Work item:
Begin your copy at the line holding "Vestel Sefa K3000" and end it at the last line of the listing. Keep every line exact and leave out the pictures.

━━ Data block ━━

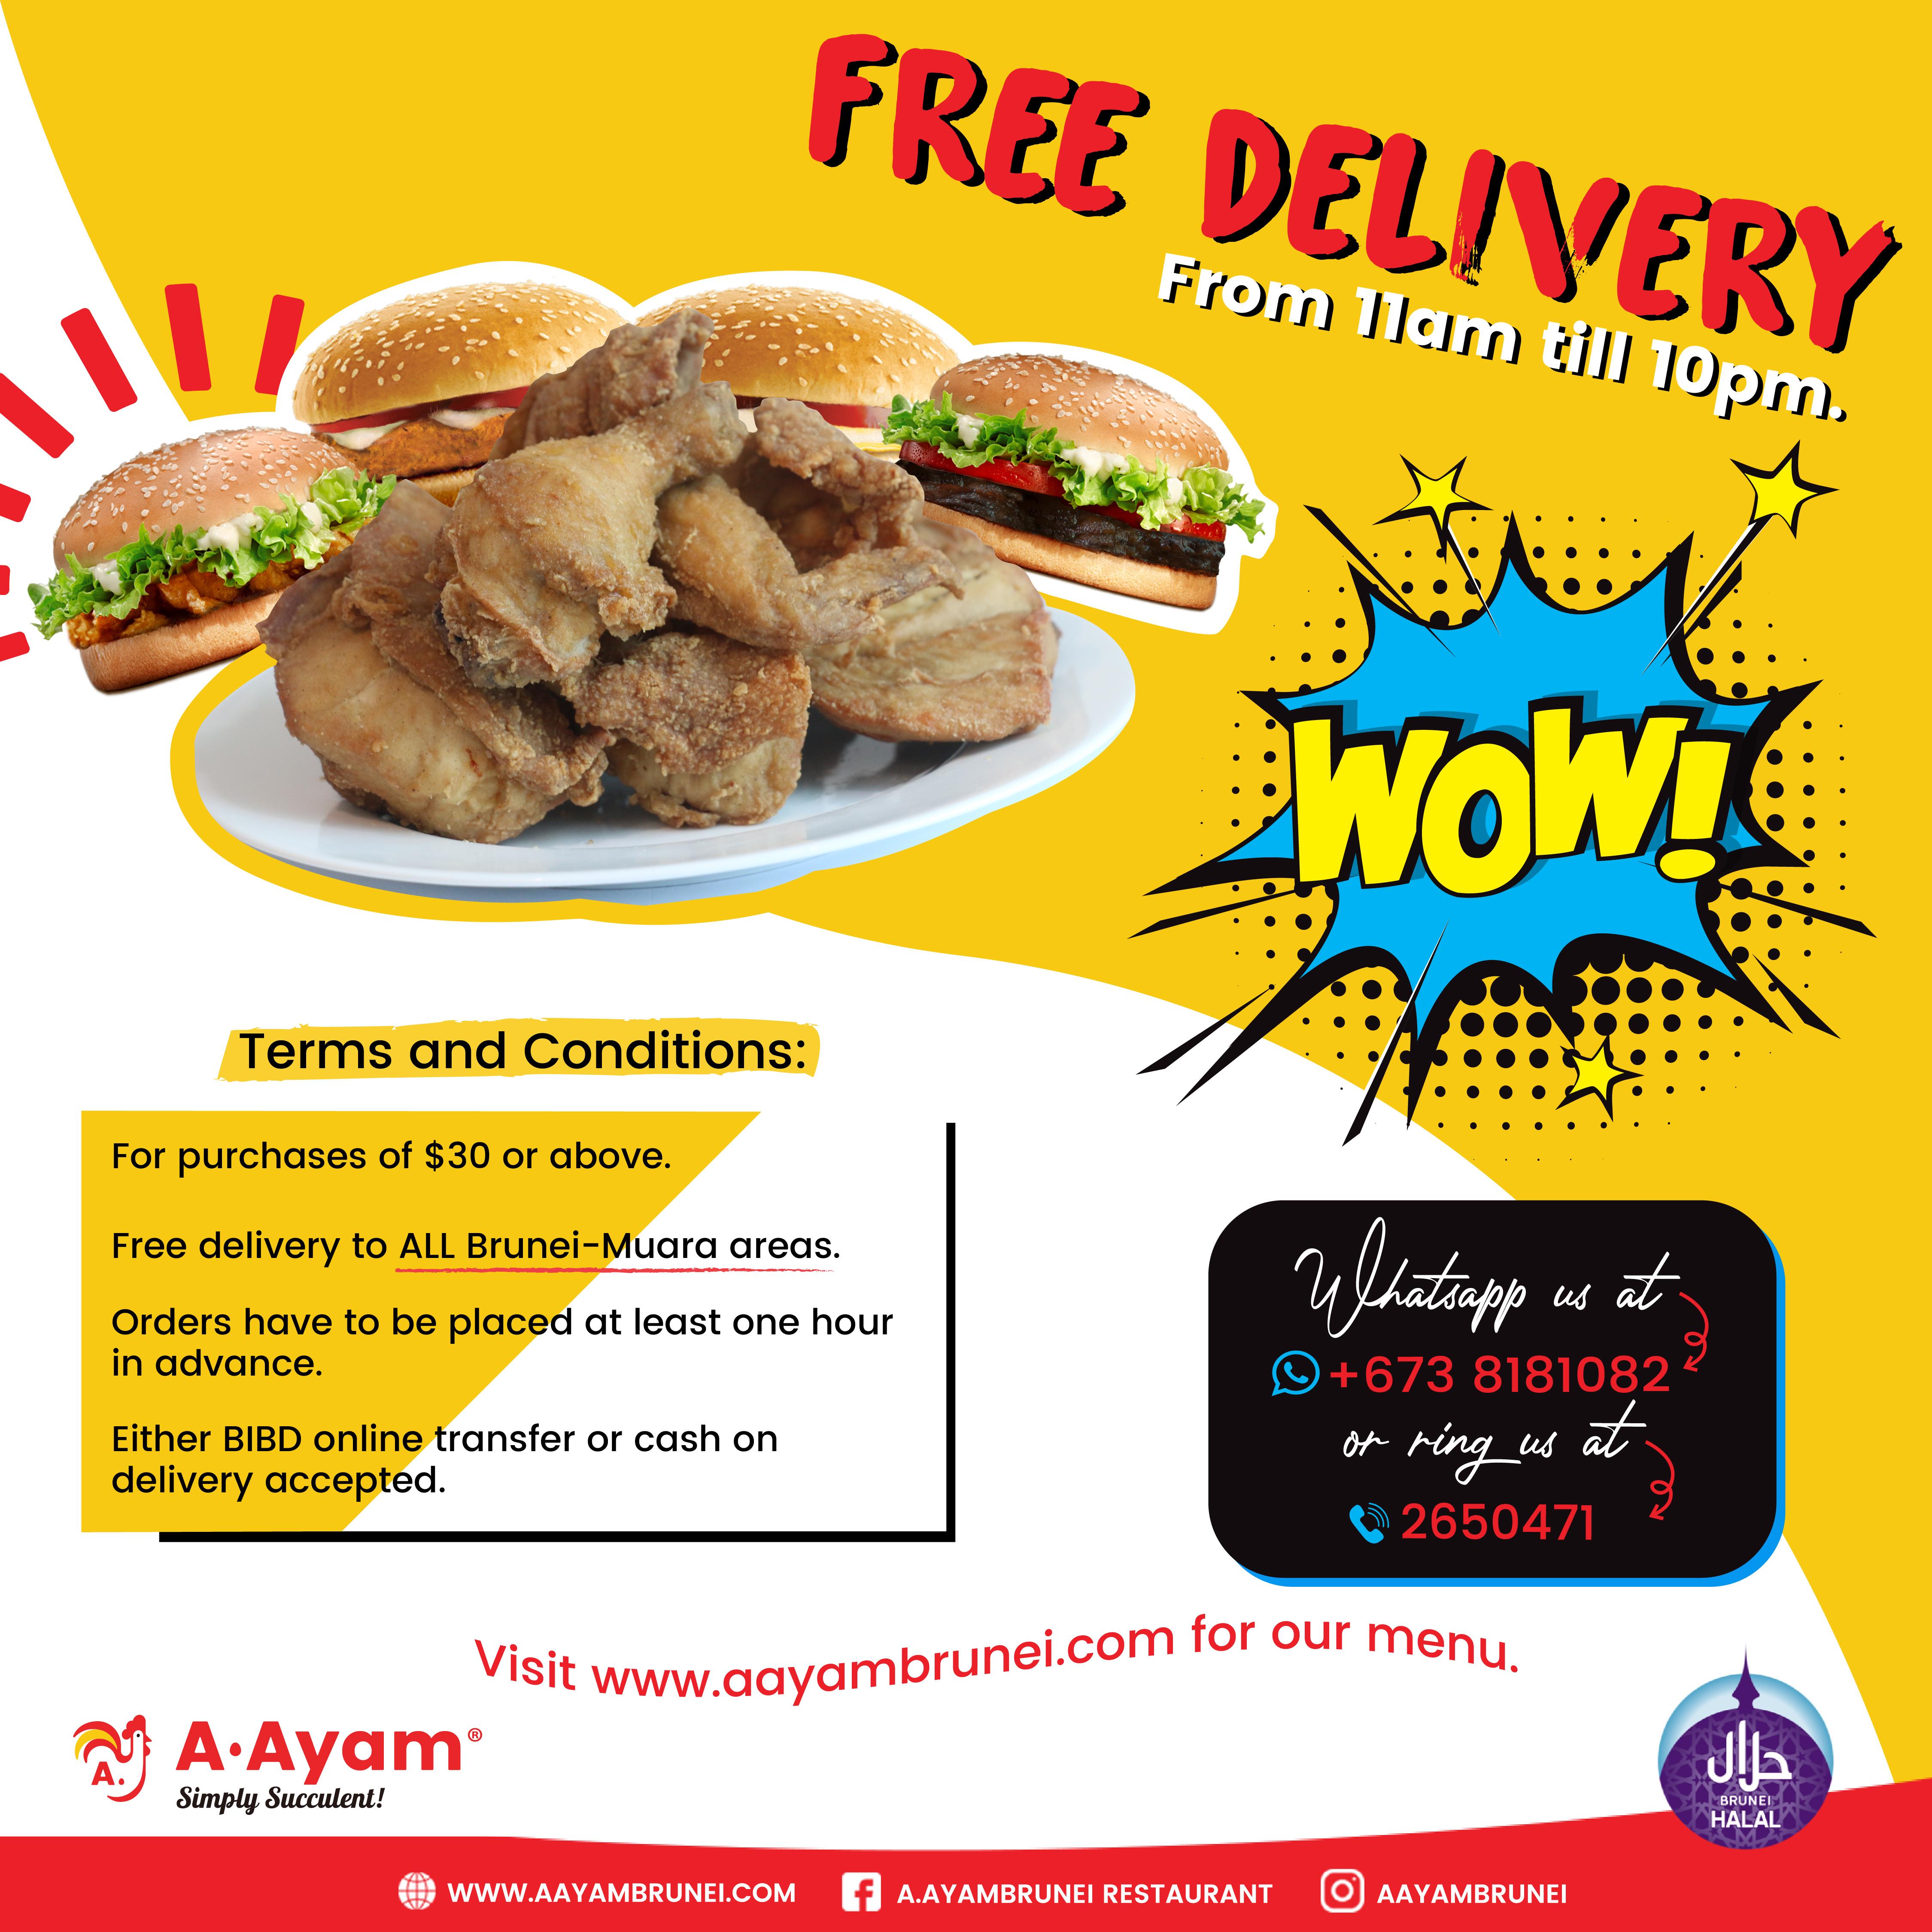 free delivery brunei muara-01
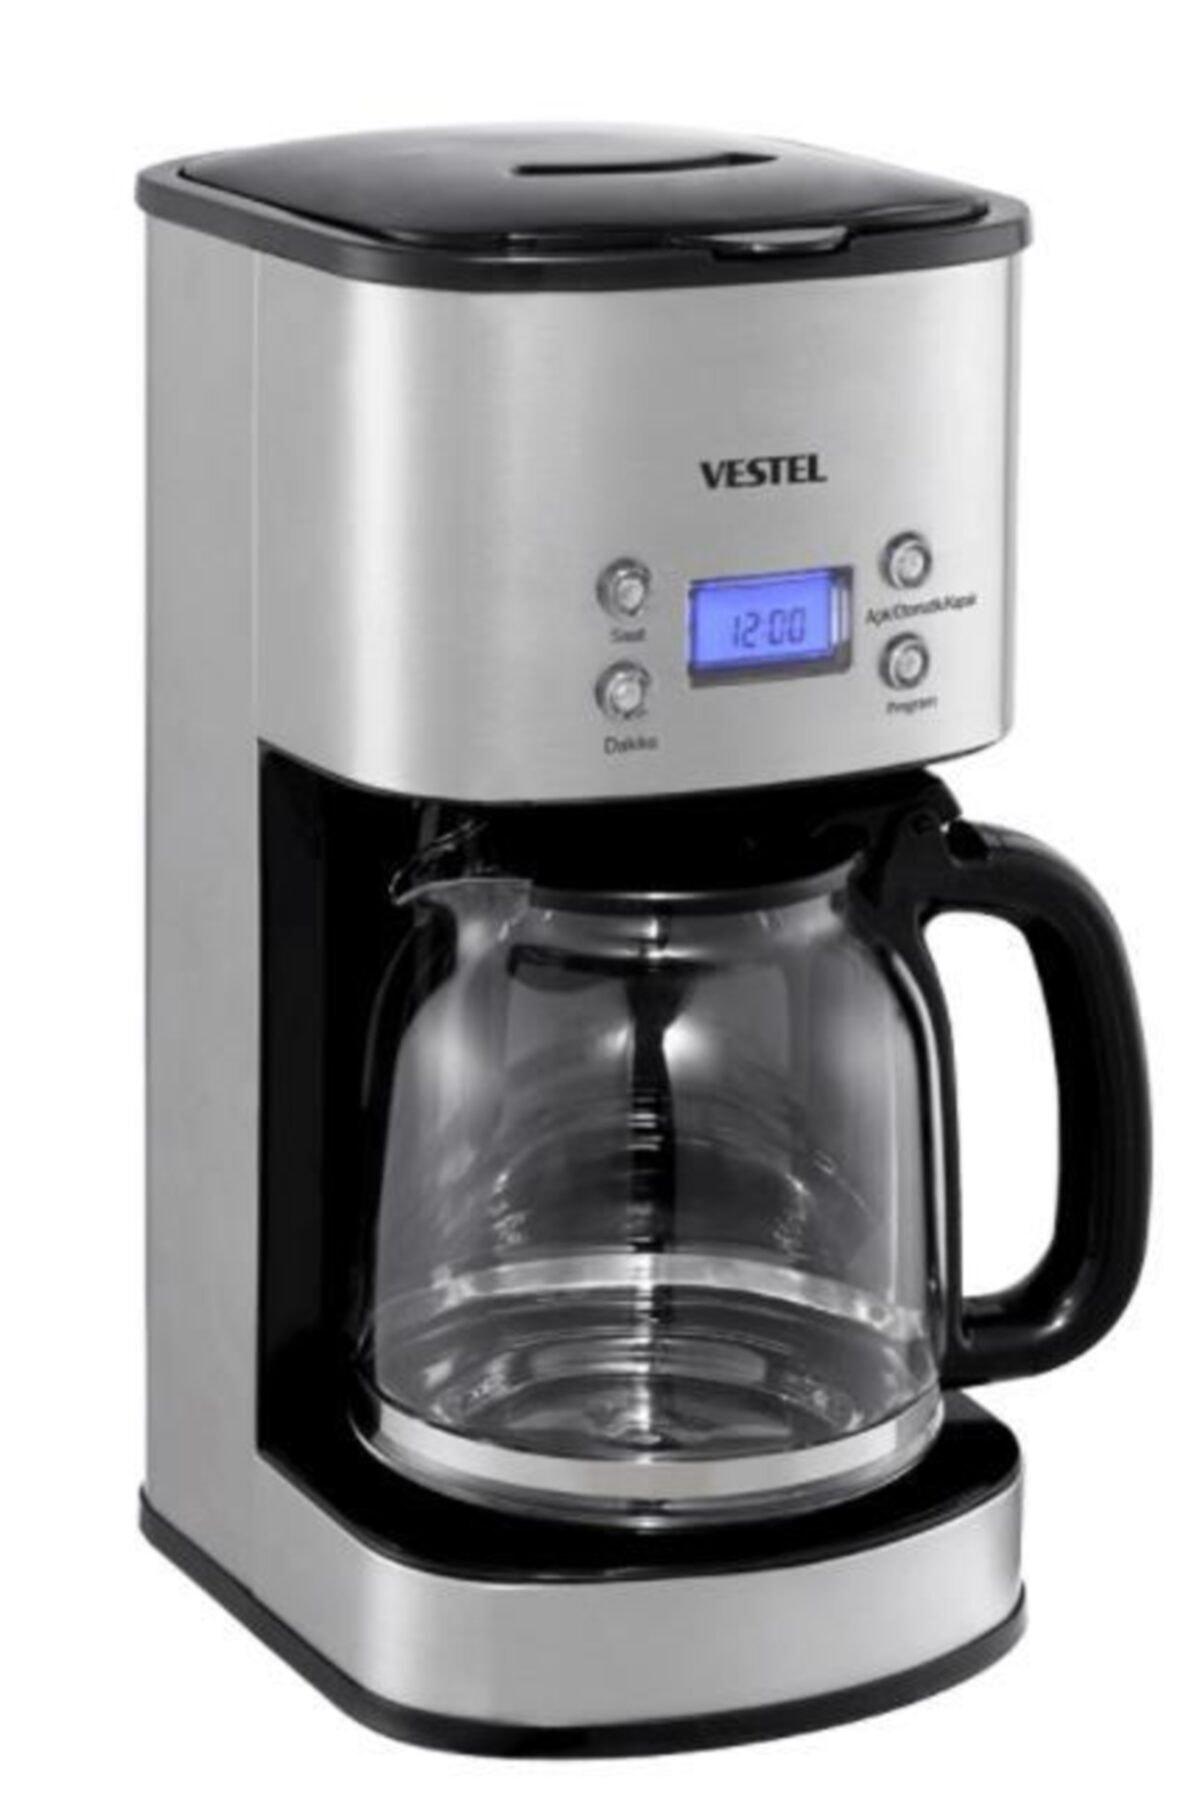 Vestel Sefa K3000 Inox Filtre Kahve Makinesi 1
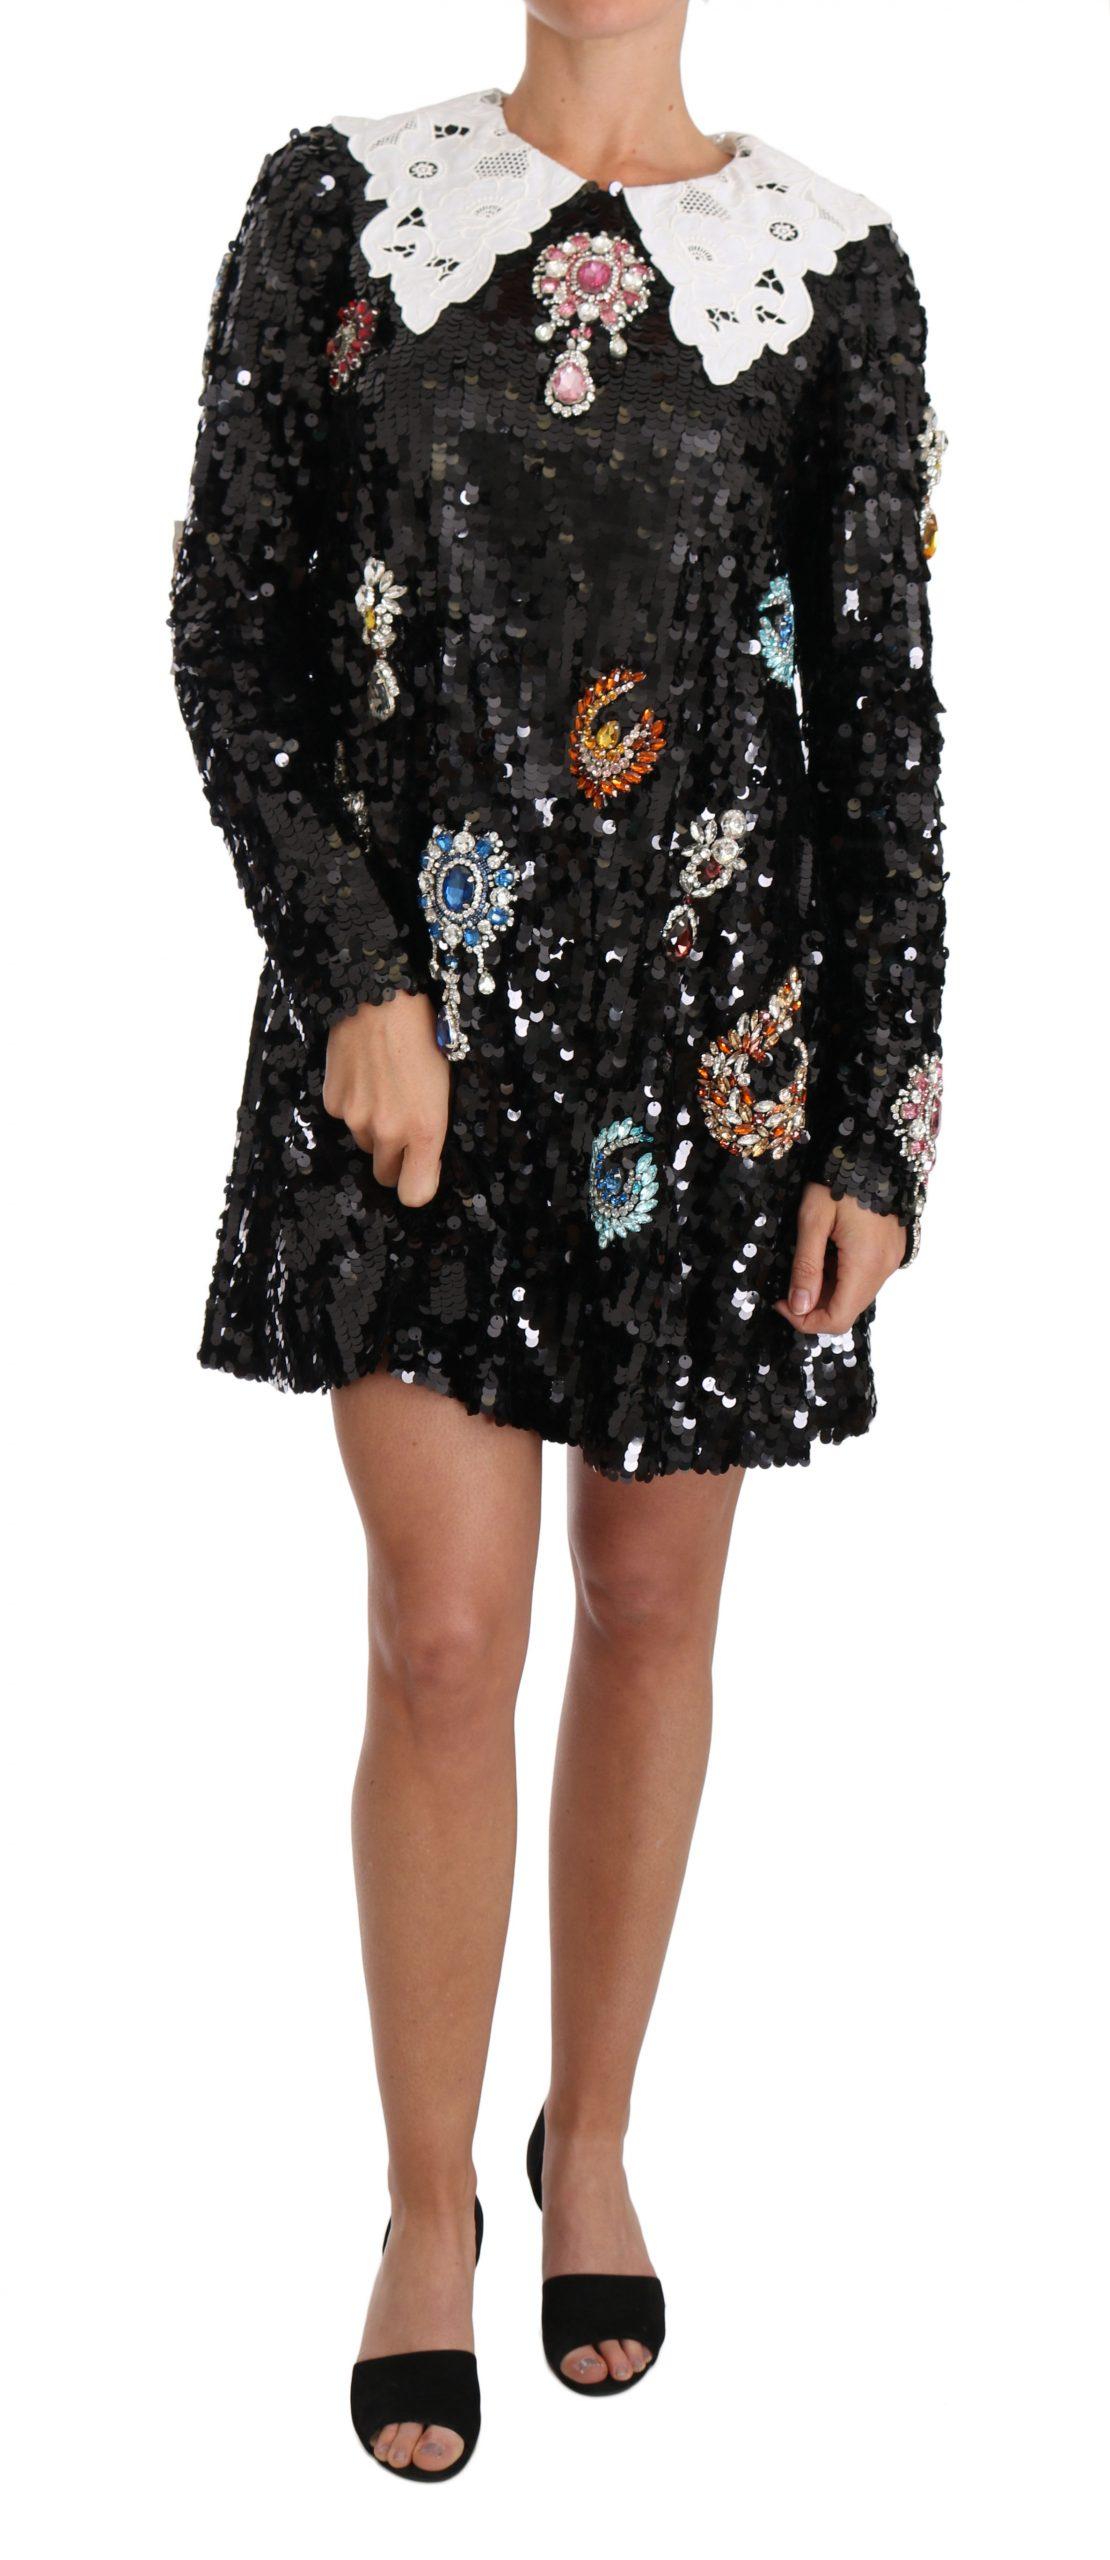 Dolce & Gabbana Women's Sequined Crystal Fairy Tale Dress Black DR1519 - IT40 S

━━━

Response box:
 Vestel Sefa K3000 Inox Filtre Kahve Makinesi 1
 Dolce & Gabbana Women's Sequined Crystal Fairy Tale Dress Black DR1519 - IT40 S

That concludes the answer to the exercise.